The truth is the outcome of a Leave vote is highly uncertain; any claims to the contrary should be treated with caution (and suspicion).
I will briefly consider three key issues: the effects on trade of leaving the single market, the effects of changes in migration flows, and the effect on foreign investment.
Taking the first, Remain advocates argue that barriers to international trade would be higher after Brexit while supporters of Leave argue that new free trade agreements would be signed, and that Britain would have access to a broader array of export markets outside the EU.
Which of the two claims is closer to the truth will largely be determined by politics: will the EU choose to punish Britain by imposing trade barriers?
Given the scale of trade between the EU and UK – around £290 billion per annum – it seems unlikely that the EU, and Germany in particular, would choose to damage their own export-dependent economies to make a political point.
Given that the Prime Minister is committed to remaining within the EU, a deliberate effort has been made to prevent government discussion or planning of post-Brexit trade agreements.
Even without a new agreement, trade would still be subject to WTO rules meaning tariffs would remain low.

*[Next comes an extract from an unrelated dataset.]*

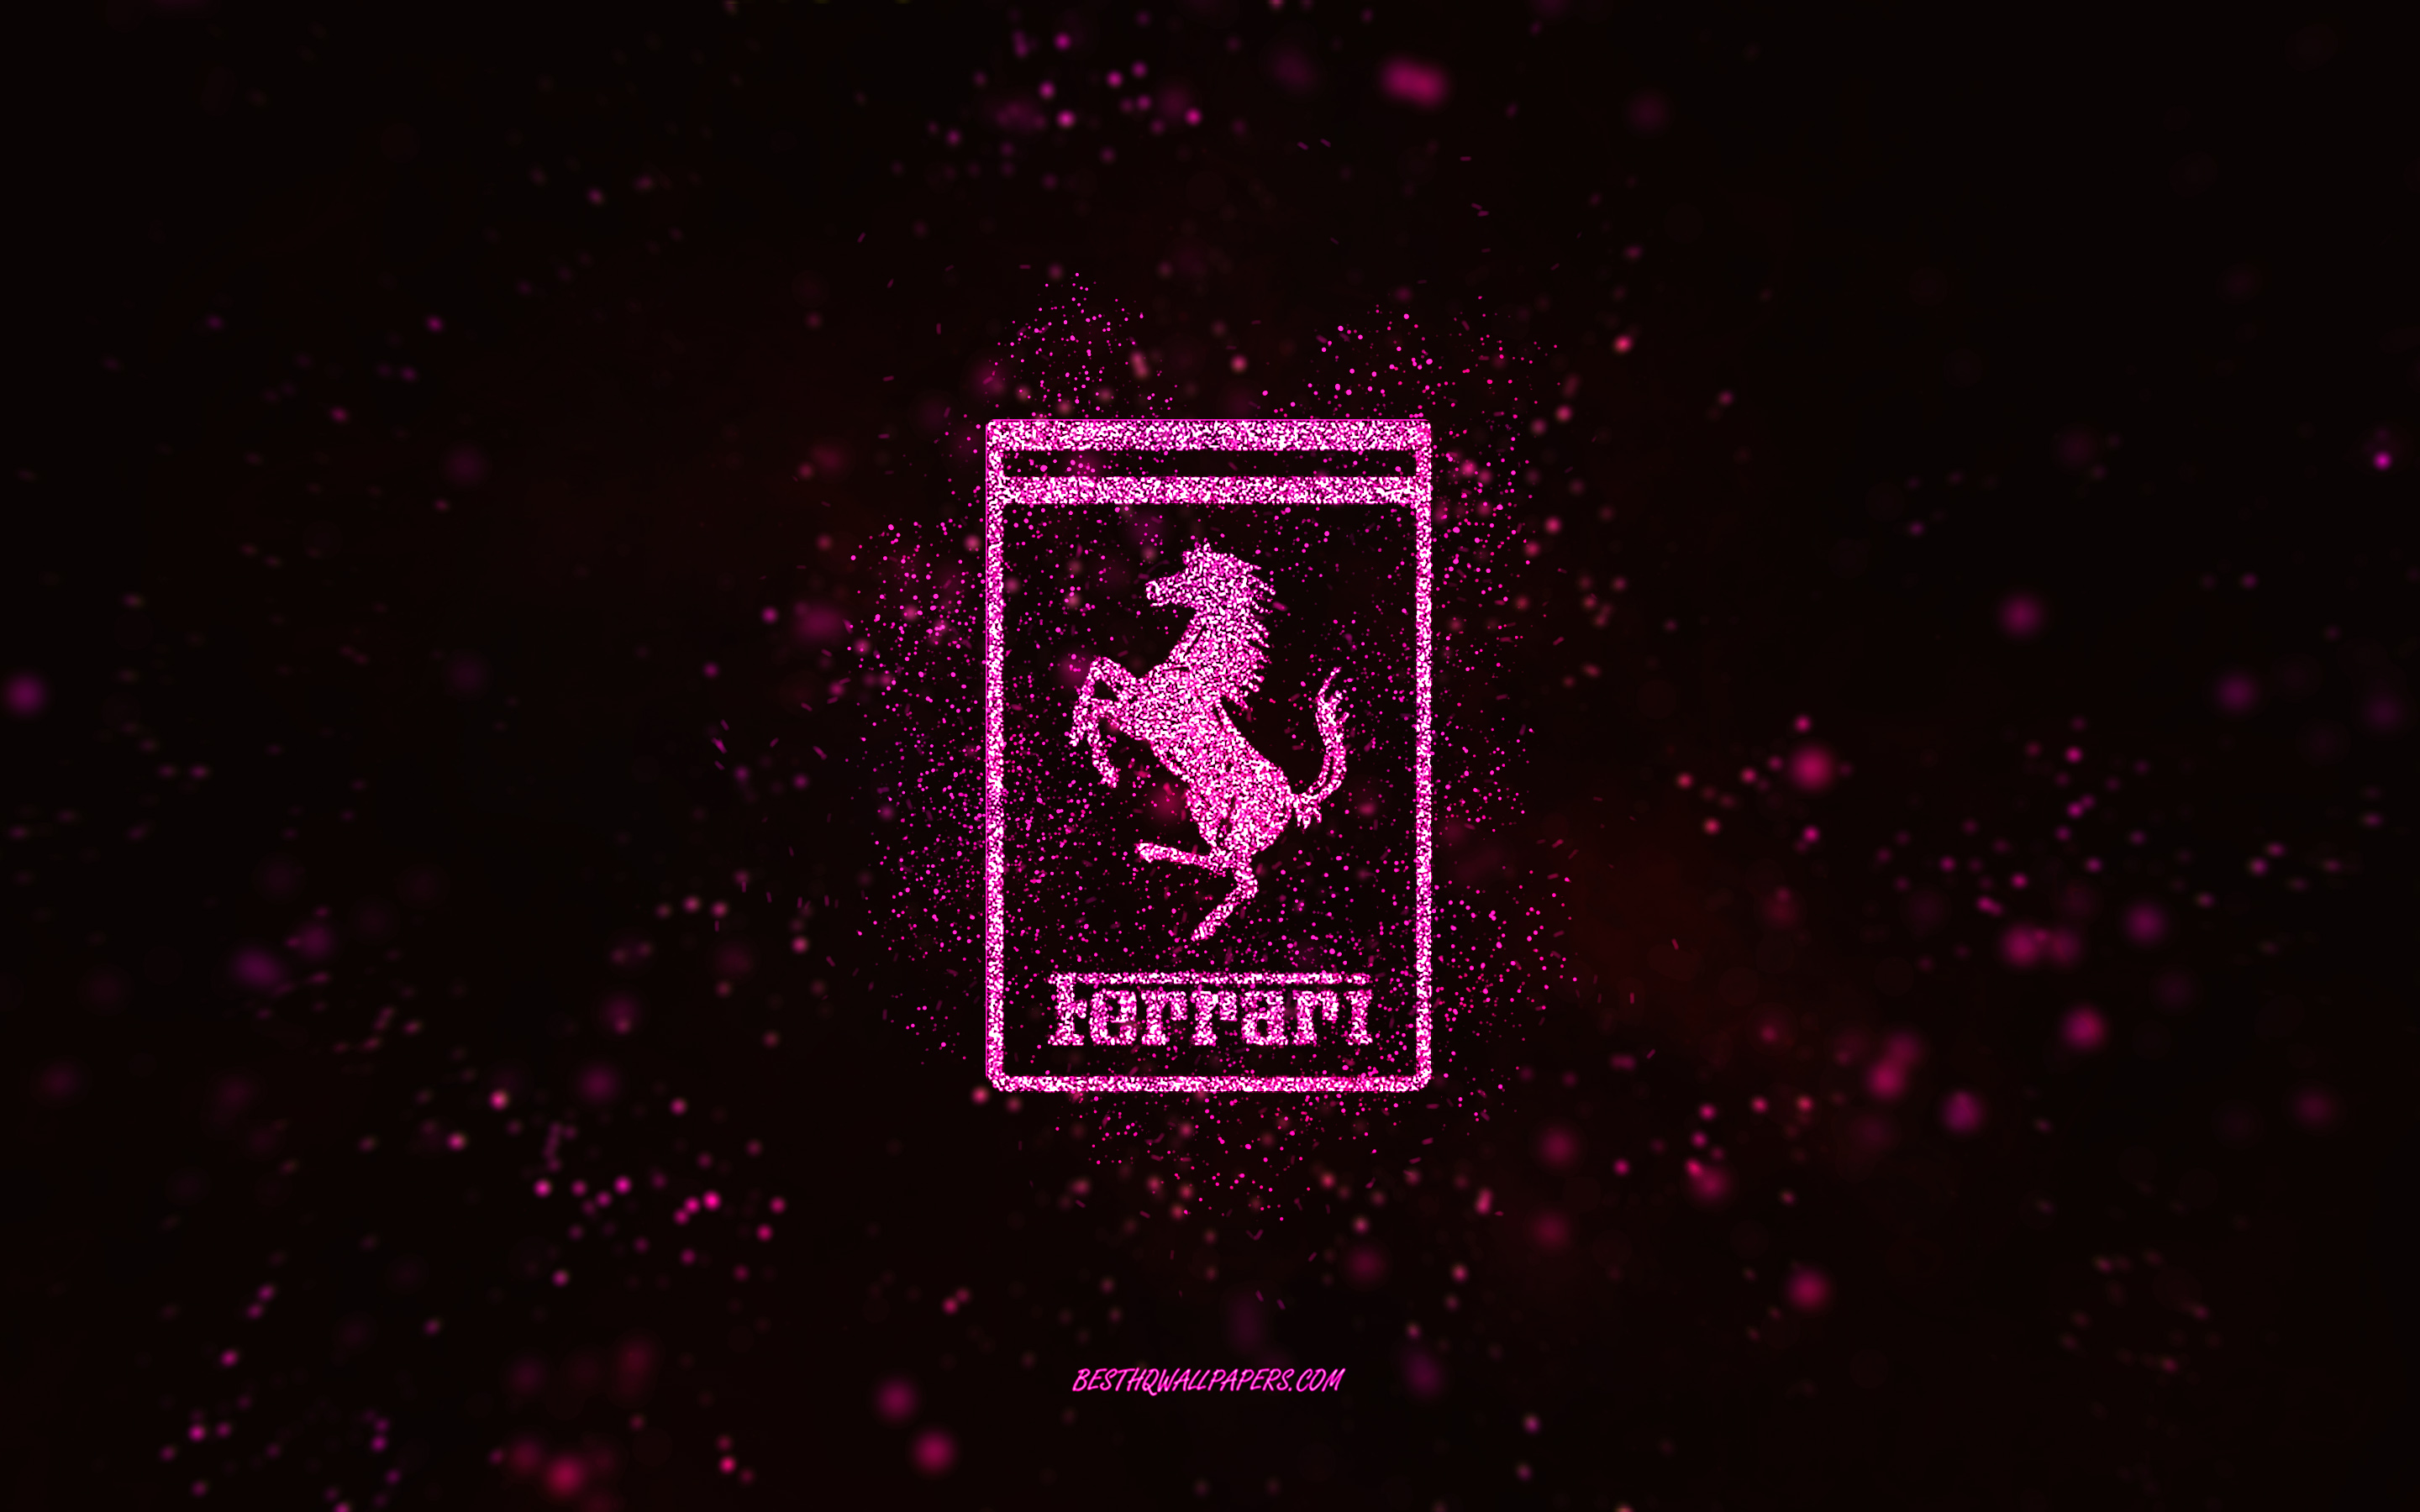 Pink Ferrari Wallpapers

Most exporting businesses are unlikely to notice the direct effect of increased tariffs.
Given this, it is hard to see an immediate reason why foreign investment should fall significantly.

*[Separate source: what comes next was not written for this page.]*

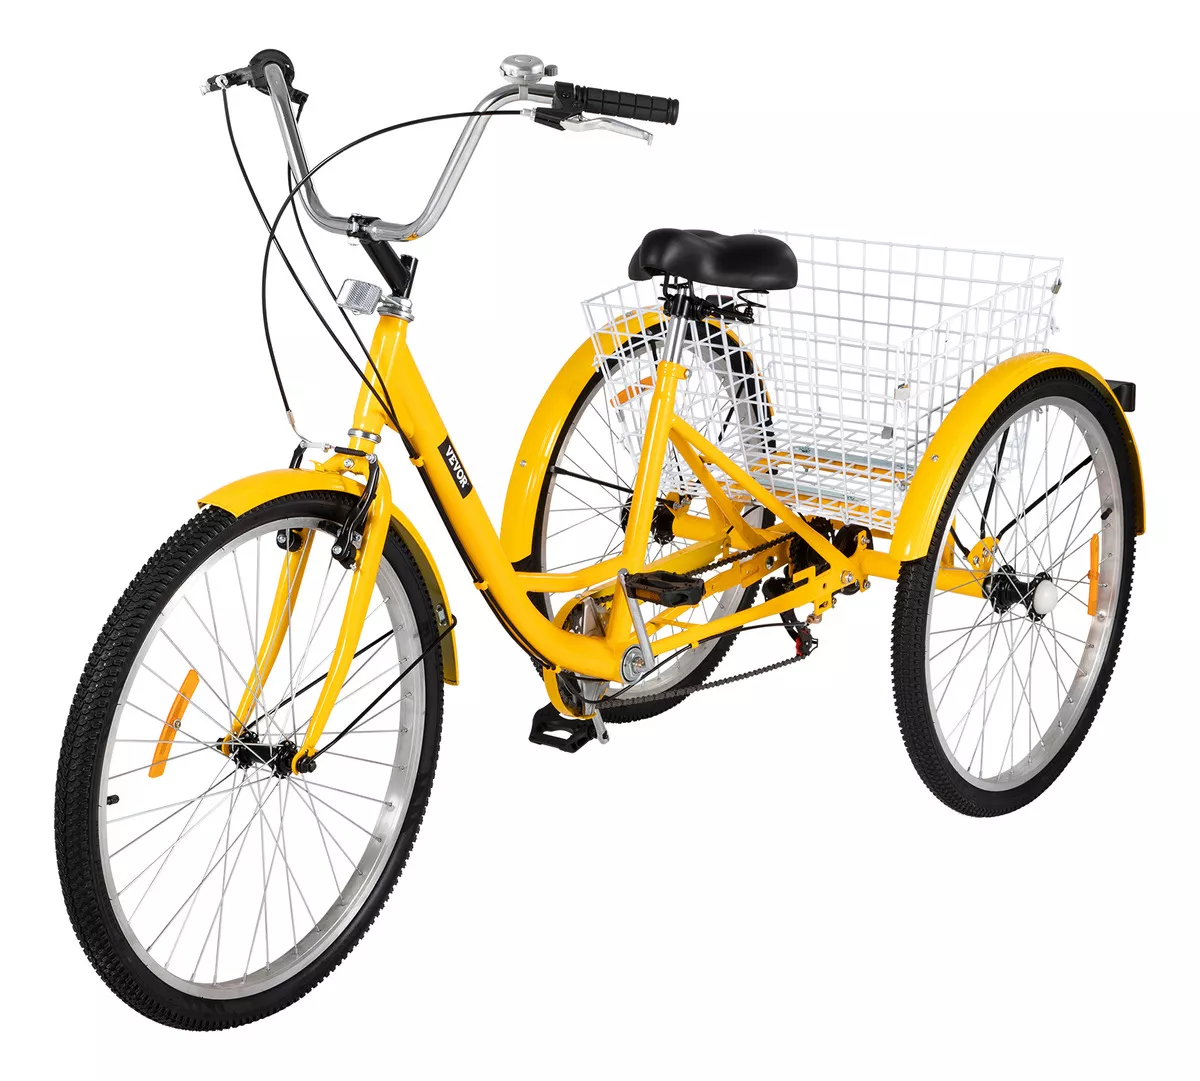 Segunda imagen para búsqueda de triciclos para adultos

Restrictions on migration seem more likely to have a noticeable effect on businesses, particularly those that rely either on skilled migrants or on low-paid, low-skilled workers such as the care sector.
The costs of exit have been therefore been exaggerated. But this is also true of the claimed benefits.
While there are problems of regulation and lack of support for small business, much of this is home-grown and can be dealt with at the domestic level: the impact of EU regulation on business tends to be over-stated.
Valid points about sovereignty are raised by those who support Leave, but these overlook the fact that in a world of globalised trade and multi-national corporations, the main constraints on UK policy-makers don’t originate in the European Parliament.
Despite these exaggerations, there is a real possibility of a fall in confidence and restriction of foreign credit to the UK in the event of Brexit, leading to devaluation in the pound, hikes in interest rates and financial disorder. Given the fragile state of the UK economy, the consequences could be severe.
I suspect the probability of such a scenario is relatively low, but given that the benefits of exit are far from clear, this doesn’t seem a risk worth taking.